Cerconota trochistis

Scientific classification
- Kingdom: Animalia
- Phylum: Arthropoda
- Clade: Pancrustacea
- Class: Insecta
- Order: Lepidoptera
- Family: Depressariidae
- Genus: Cerconota
- Species: C. trochistis
- Binomial name: Cerconota trochistis (Meyrick, 1916)
- Synonyms: Stenoma trochistis Meyrick, 1916;

= Cerconota trochistis =

- Authority: (Meyrick, 1916)
- Synonyms: Stenoma trochistis Meyrick, 1916

Species of moth

Cerconota trochistis is a moth of the family Depressariidae. It is found in French Guiana.
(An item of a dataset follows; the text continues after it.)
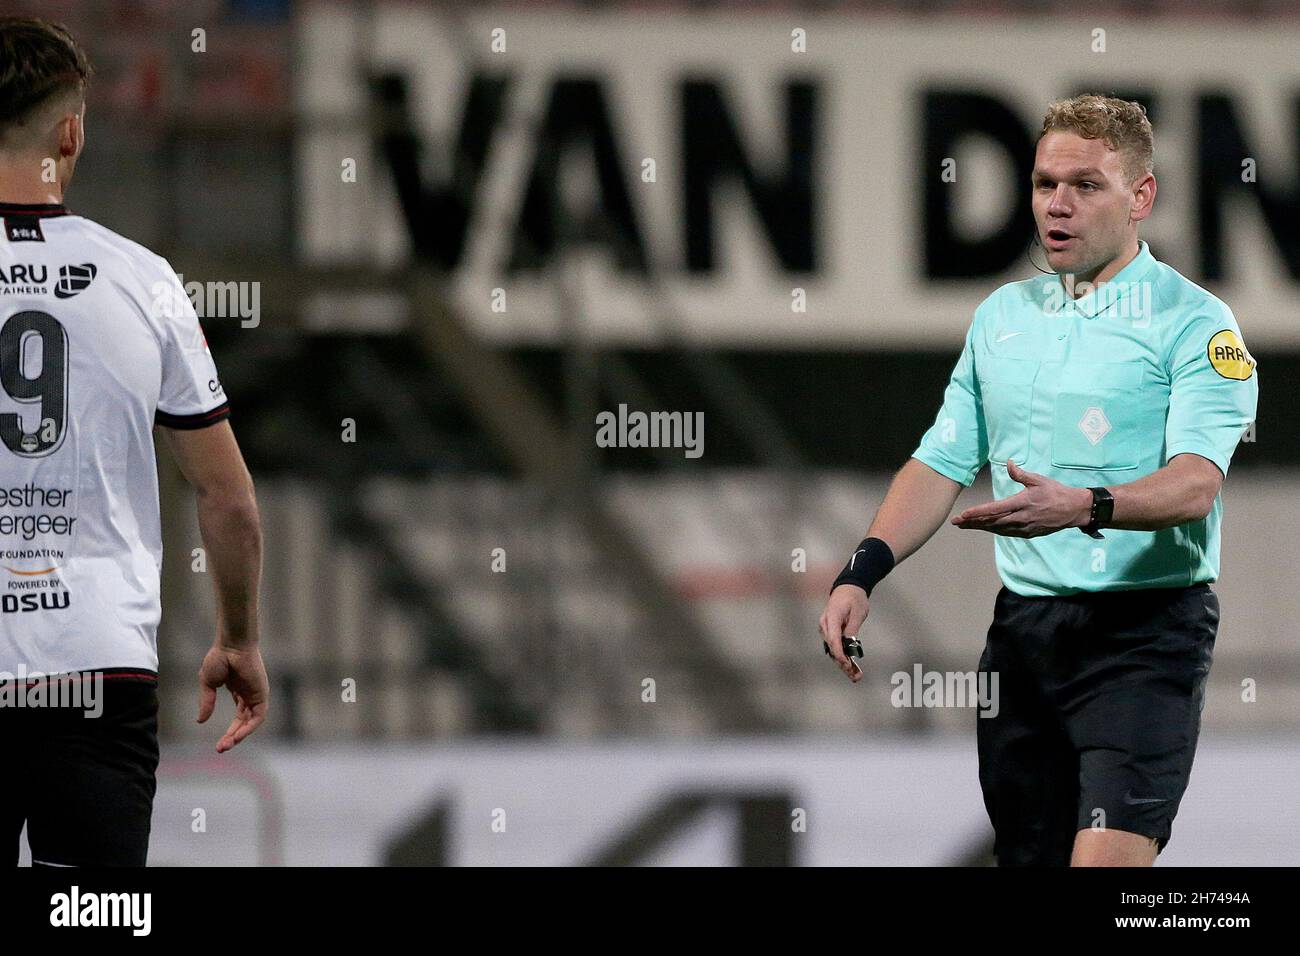 HELMOND, NETHERLANDS - NOVEMBER 19: Thijs Dallinga of Excelsior Rotterdam and referee Alex Bos during the Dutch Keukenkampioendivisie match between Helmond Sport and Excelsior Rotterdam at SolarUnie Stadion on November 19, 2021 in Helmond, Netherlands (Photo by Perry van de Leuvert/Orange Pictures) Stock Photo
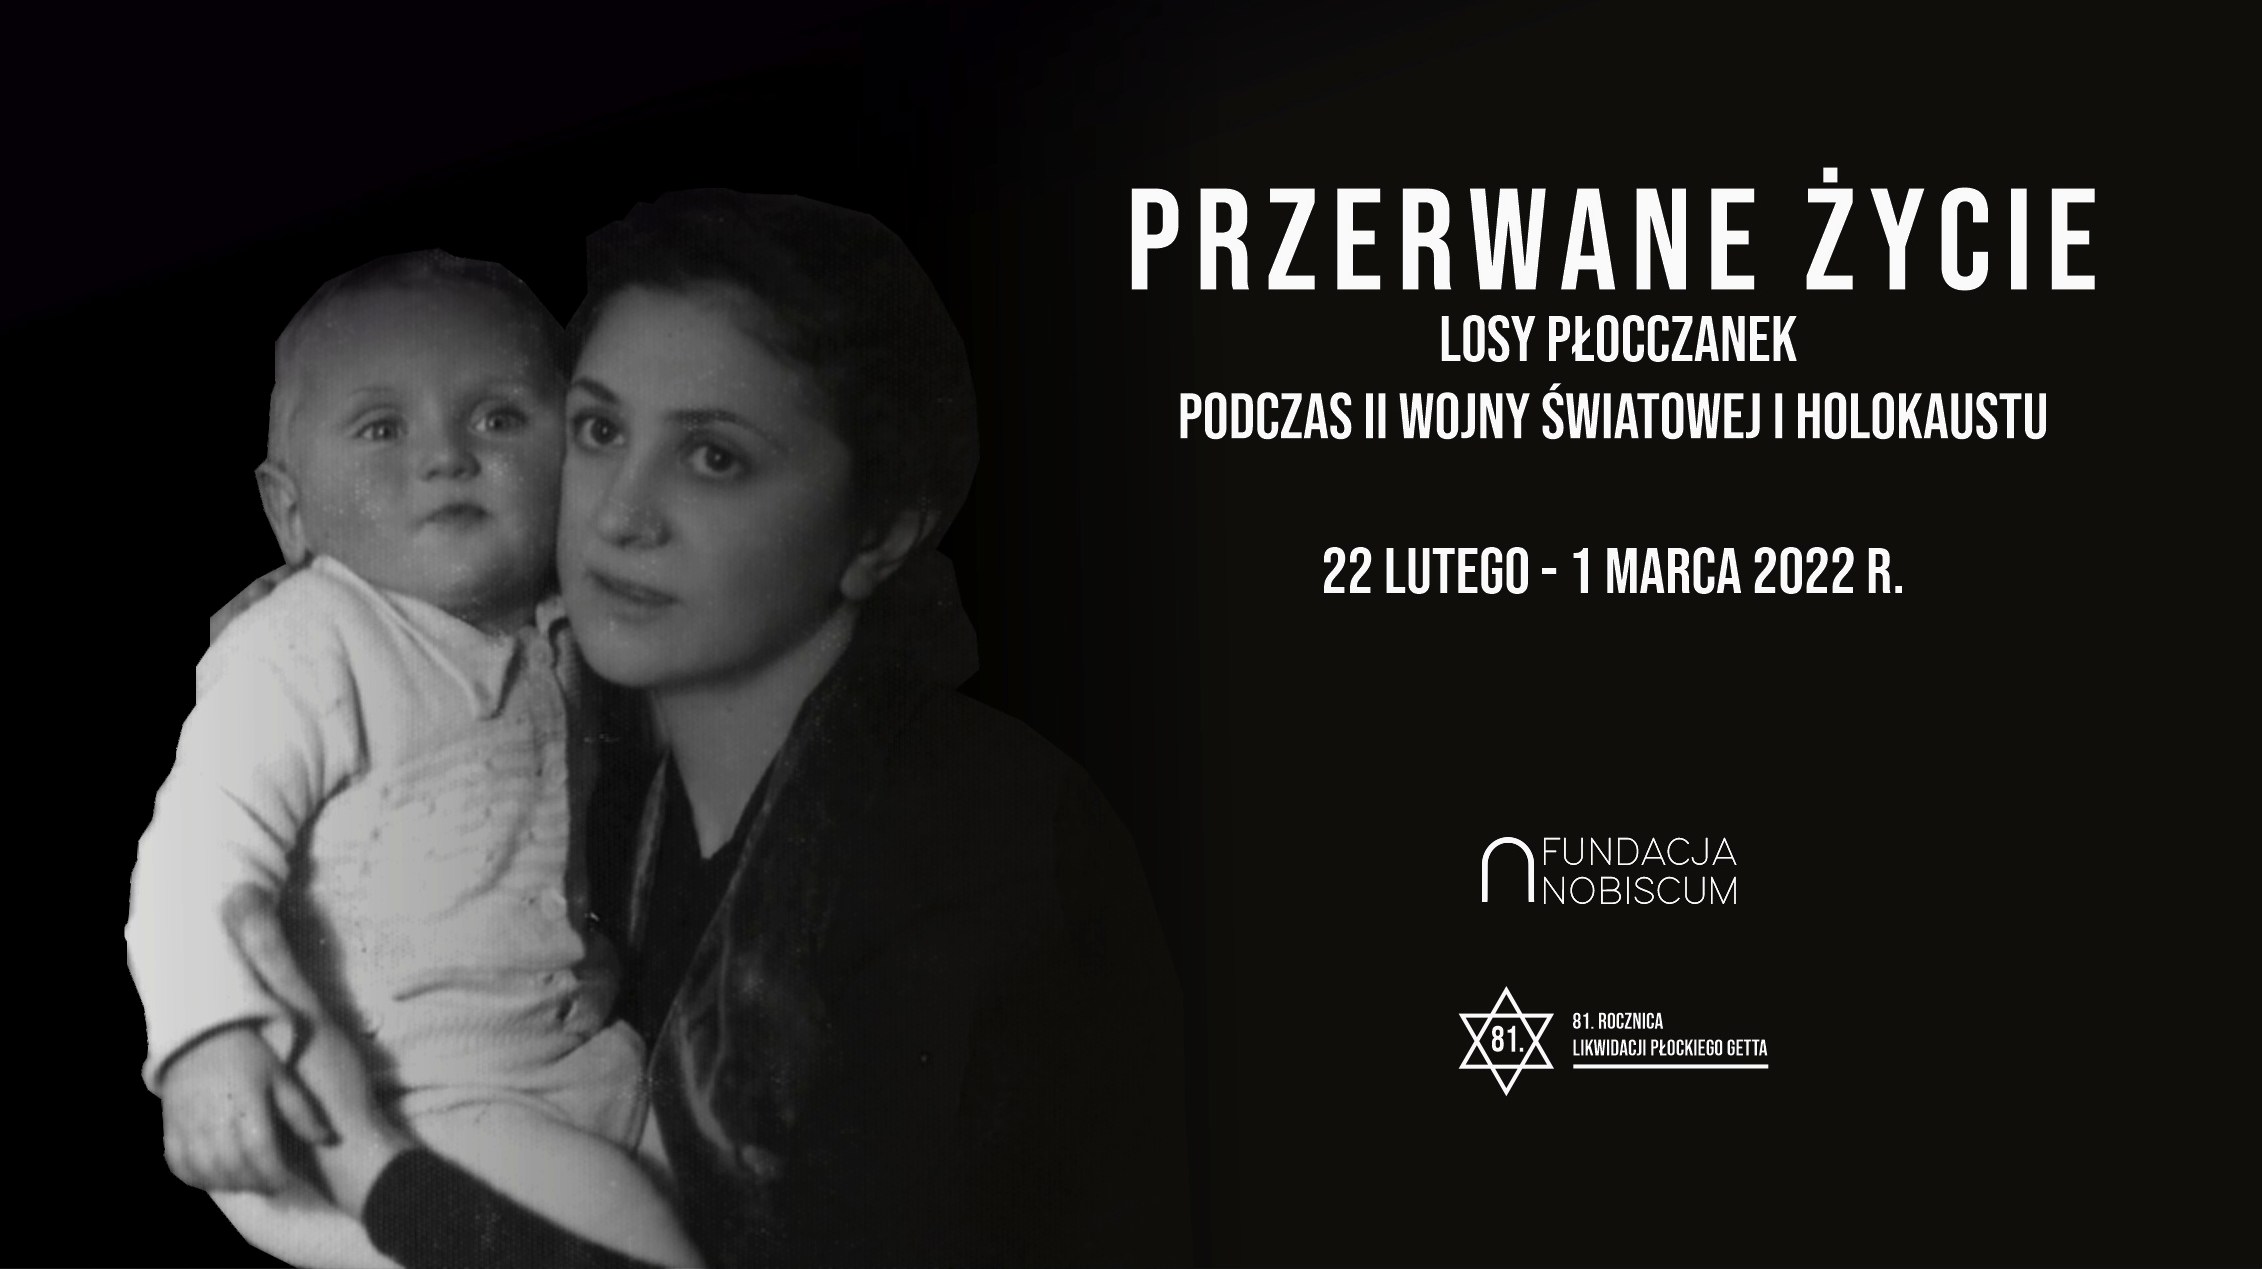 81st anniversary of the liquidation of the ghetto in Płock. Broken life. The fate of women of Płock during World War II and the Holocaust

The wingspan is 23–28 mm. The forewings are light fuscous with the extreme costal edge whitish-ochreous, near the base dark fuscous. There are three dark fuscous costal spots, the first at one-fourth is small, the second in the middle is subtriangular and the third about three-fourths is elongate. An irregular patch of rather dark fuscous suffusion or irroration is found towards the dorsum and the disc anteriorly, sometimes almost obsolete. The first discal stigma is usually obscured in this, the plical and second discal dark fuscous. There is a very indistinctly indicated darker fuscous line from the second costal spot to three-fourths of the dorsum, strongly curved outwards in the disc, as well as a waved interrupted cloudy dark fuscous or blackish line from the third costal spot to the dorsum before the tornus, the median third curved outwards but sinuate in the middle. A marginal series of large cloudy dark fuscous dots is found around the apex and termen, confluent into a small spot beneath the apex. The hindwings are grey.